Complications of poor data presentation

While "complications" is a clinical word, in biostatistics the analogous pitfalls are:

  • Misleading axes (truncated y-axis exaggerating differences).
  • Inappropriate chart (pie chart for time-series, 3-D charts distorting area).
  • Ecological fallacy when group-level data are applied to individuals.
  • Overlapping/unequal class intervals distorting a histogram.

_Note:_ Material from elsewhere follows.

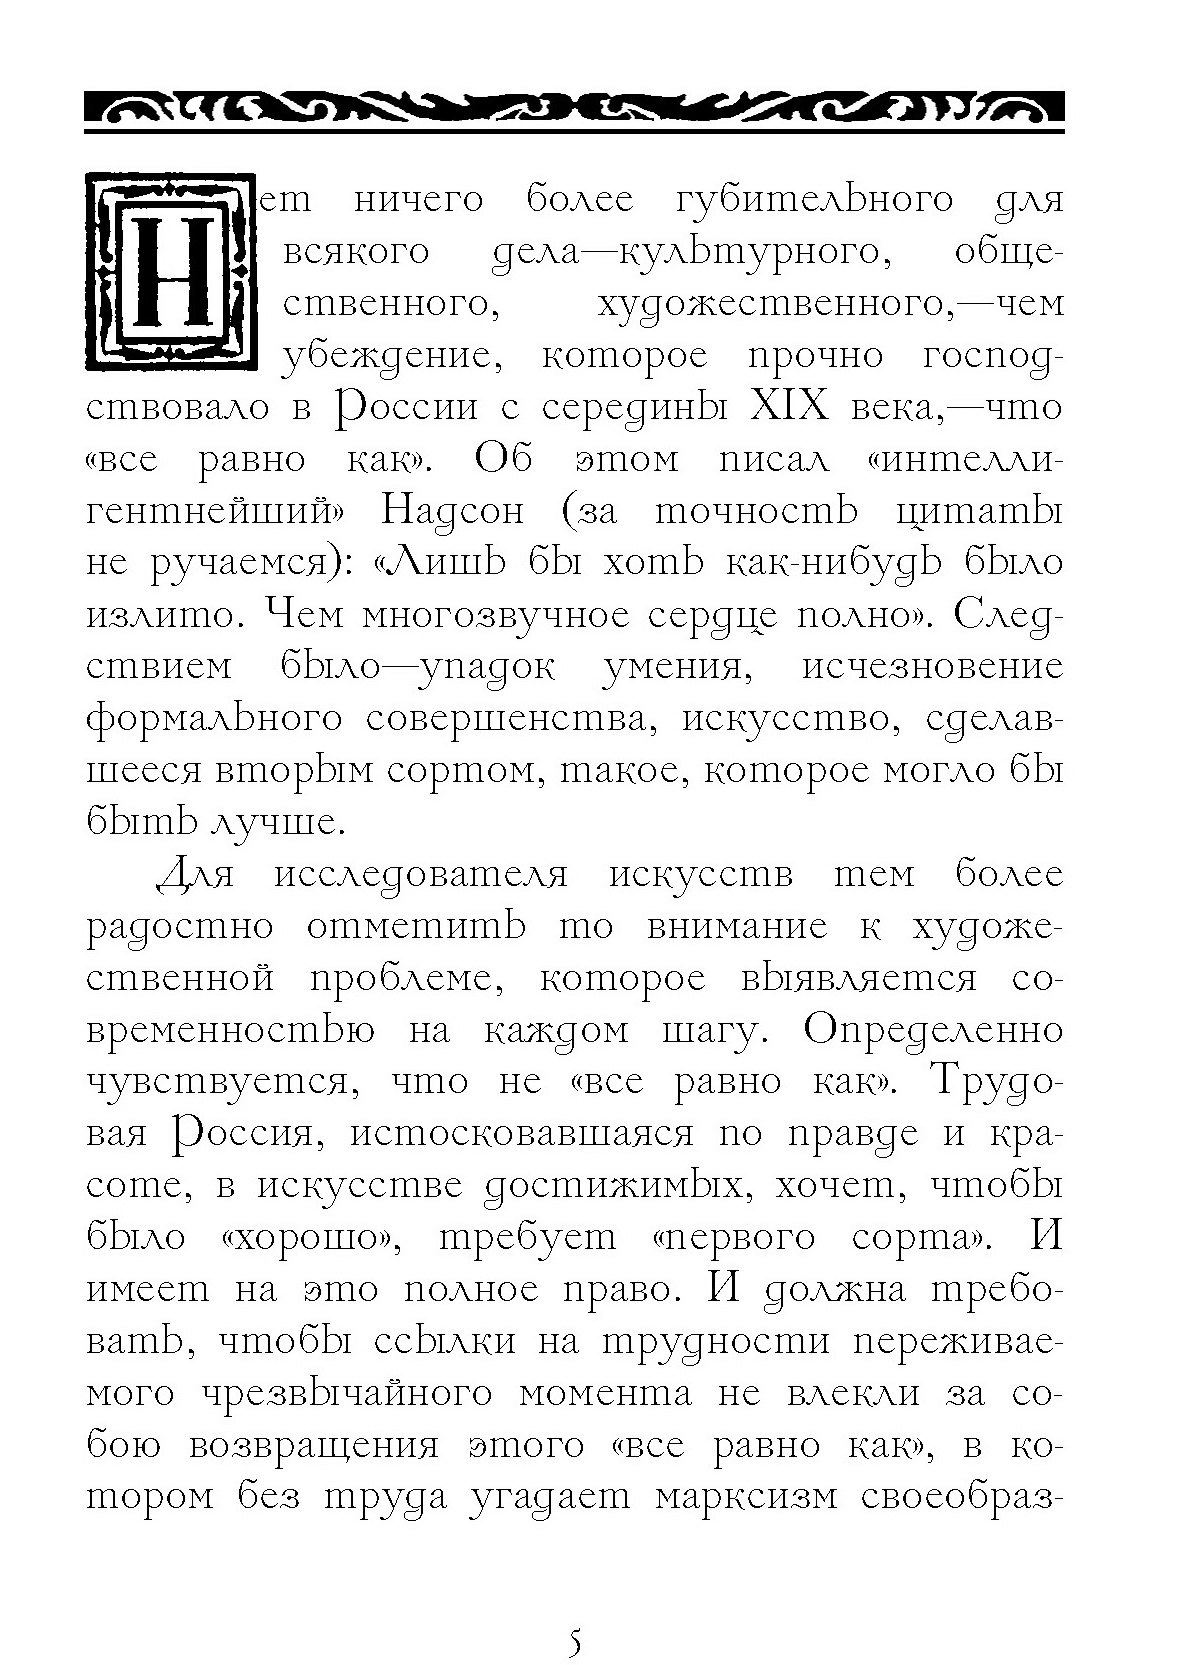 А.А.Сидоров - Искусство книги, 1922

Recently asked / exam angle

  • "Which graph for presenting blood groups in a class?"Bar chart (or pie chart for proportions); blood group is nominal.
  • "Best measure of central tendency for serum bilirubin (right-skewed)?"Median.
  • "Temperature in °C is which type of data?"Interval (no true zero).
  • "In a positively skewed distribution, the relation is?"Mean > Median > Mode.
  • "Mean ± 2 SD covers what % of normal distribution?" → ~95% (1.96 SD).
  • "Graph used to detect an outlier / compare medians?"Box-and-whisker plot.
  • "Which is unaffected by extreme values — mean, median, mode, range?"Median (and mode); mean & range are affected.
  • "Coefficient of variation is used to?"Compare variability between two different units/series.
  • "Histogram is used for ___ data?"Continuous (quantitative).
  • "Standard error of mean depends on?" → SD and sample size (1/√n).
  • "Epidemic curve with a single peak indicates?"Point/common-source outbreak.
  • "Divides data into 100 equal parts?"Percentiles.

Rapid revision

  1. NOIR scale: Nominal → Ordinal → Interval → Ratio (rising information content).
  2. True zero distinguishes Ratio (weight, BP, age) from Interval (°C, IQ, calendar year); Kelvin = ratio.
  3. Mode → nominal, Median → ordinal/skewed, Mean → symmetric ratio data.
  4. Mean is the most affected by outliers; median and mode are robust.
  5. Positive (right) skew: Mean > Median > Mode; tail to the right (e.g., income, hospital stay).
  6. Negative (left) skew: Mean < Median < Mode; tail to the left.
  7. Normal curve: Mean = Median = Mode; 68 / 95 / 99.7% within 1 / 2 / 3 SD.
  8. Normal reference range = Mean ± 1.96 SD (~95%).
  9. SD = spread of observations; SEM = SD/√n = precision of mean (decreases with larger n).
  10. CV = (SD/Mean) × 100 — unitless, compares variability across different scales.
  11. Histogram (continuous, bars touch) vs Bar chart (categorical, bars separated); Pie chart for proportions of a whole.
  12. Scatter plot → correlation between two continuous variables; Box plot → median, IQR, outliers; Ogive → percentiles/median.